Speech

High Commission in Cyprus celebrates the Queen’s Birthday in 2017

Harry Potter themed celebration to mark 20th anniversary of publication of first Potter book, a testament to British creativity.

This was published under the 2016 to 2019 May Conservative government
High Commissioner Matthew Kidd and H.E. President of the Republic of Cyprus, Nicos Anastasiades

The British High Commission hosted its annual national day celebration – the Queen’s Birthday Party – on 20 June – an occasion to celebrate the breadth of UK-Cyprus bilateral relations.

This year’s celebration saw the event take on a Harry Potter theme, celebrating one aspect of UK creativity which has reached worldwide renowned, given that June 2017 marks 20 years since the publication of the first Harry Potter book.

High Commissioner Matthew Kidd and President of the Republic of Cyprus, Nicos Anastasiades

Below is a summary of High Commissioner Matthew Kidd’s opening remarks at the event, in the presence of H.E. President of the Republic of Cyprus, Nicos Anastasiades and building on the Harry Potter theme.

“I guess that I don’t need to explain the references. The car out front is not there for trade promotion, even though I saw that Phileleftheros the other week reproduced an advertisement for a Ford Anglia from the 1960s - when it cost C£620. Our servers are not all from the same school, nor have they all visited the same optician. Harry’s Bar is not a copy of Venice.

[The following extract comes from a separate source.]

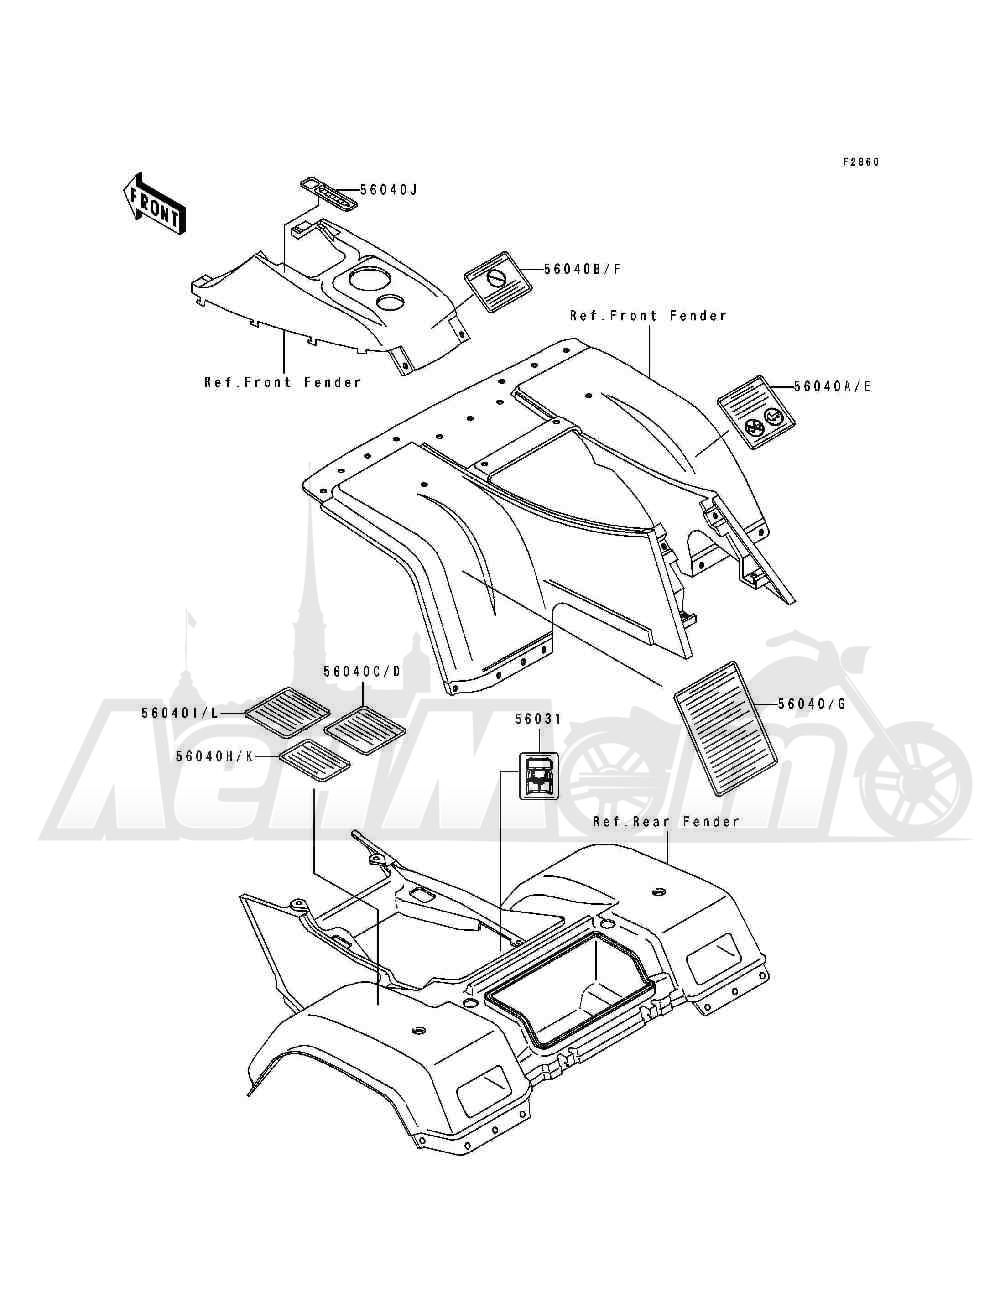 Запчасти для Квадроцикла Kawasaki 1994 BAYOU 400 4X4 (KLF400-B2) Раздел: LABELS | этикетки, метки
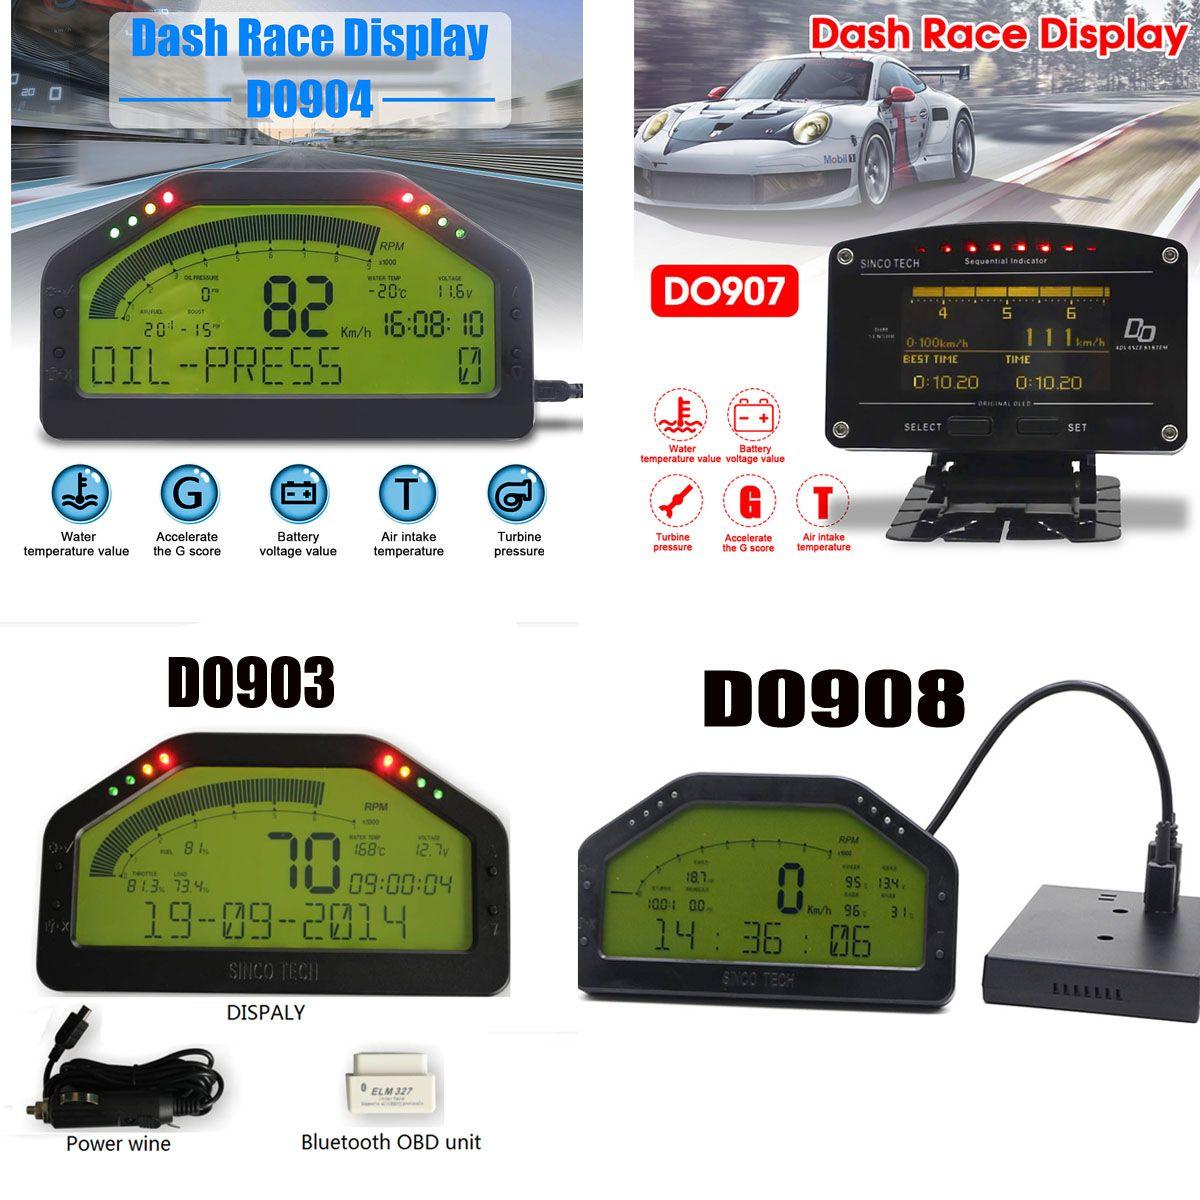 Waterproof Dash Race Display Full Sensor Kit LCD Screen OBD Bluetooh Connection Universal DashBoard DO903 DO904 DO907 DO908

But you will have seen through all that. It’s twenty years since the first Harry Potter book was published. The first eventually of seven volumes: a huge success, films, translations, merchandise. A generation of children, including my own, stimulated and enthused to read books.

So what? You thought you were coming to a Queen’s Birthday Party, not a book promotion. So what’s the link?

There are three (there always are). The first is determination. As she wrote that first book, JK Rowling was an unemployed single mother, short of money. She spent her days scribbling in the public library, no space at home. She struggled to find a publisher. But she kept at it, managed the difficulties, didn’t give up - and success came.

The second is that the success came through the young: not the older generations, the katestimeno, telling her that it would never sell, who on earth would want to read the adventures of a bunch of apprentice wizards at a boarding school? But the young responded to the imagination, the fantasy, the jokes, even the fake Latin. I take a clear lesson from that: if you have vision or ambition, it is the young who will respond, and help you to deliver it. I hope those here tonight who feel that they fall into the “young” category recognise the responsibility we put on their shoulders; and those who no longer do, recognise the need to educate and help them to deliver, for all of us.

Third is rebirth. Those of you who know the books will know that there is a key role for a phoenix, the bird that is consumed by flames but then miraculously revives from the ashes, glossier and stronger than before. I’ve often heard Cypriots make parallels to the phoenix story in their own emergence from disasters. I know that Anorthosis supporters do the same.

The UK is in some ways being reborn, following our referendum a year ago. We know it will not be straightforward to build a new place for ourselves in the world, to continue to be secure, prosperous, and influential in helping others to achieve the same. But we have many strengths and assets, including the creativity and determination reflected in the Harry Potter story; and we shall call on all of them. We will still value our old friends, including Cyprus, but learn to collaborate with them in new ways. We will have to show that we recognise their anxieties about how what we are doing may affect their interests too. As far as Cyprus is concerned, Mr President, I promise that we will give that our best shot.

Harry Potter theme

In the specialised vocabulary of Cyprus Settlement, to say that Cyprus too is on the verge of rebirth would be politically controversial. So I shan’t; but you see the link. Cyprus and its citizens, from both communities, stand on the edge of being able to emerge from two generations of division, disaster, handicap. It’s a tremendous opportunity to achieve a brighter, liberated future. But it will take tremendous imagination and vision to design and grasp its full potential.

It’s always easier to say “It’ll never work”. The more who do, the likelier they are to prove themselves right. In the financial sector, there are rules against creating self-fulfilling prophecies like that. Not in politics, unfortunately. But my hope for this evening is that all those here tonight, from whatever field, who dare, who imagine, who create, who look to the future, will leave this party feeling boosted and backed by the rest of us”.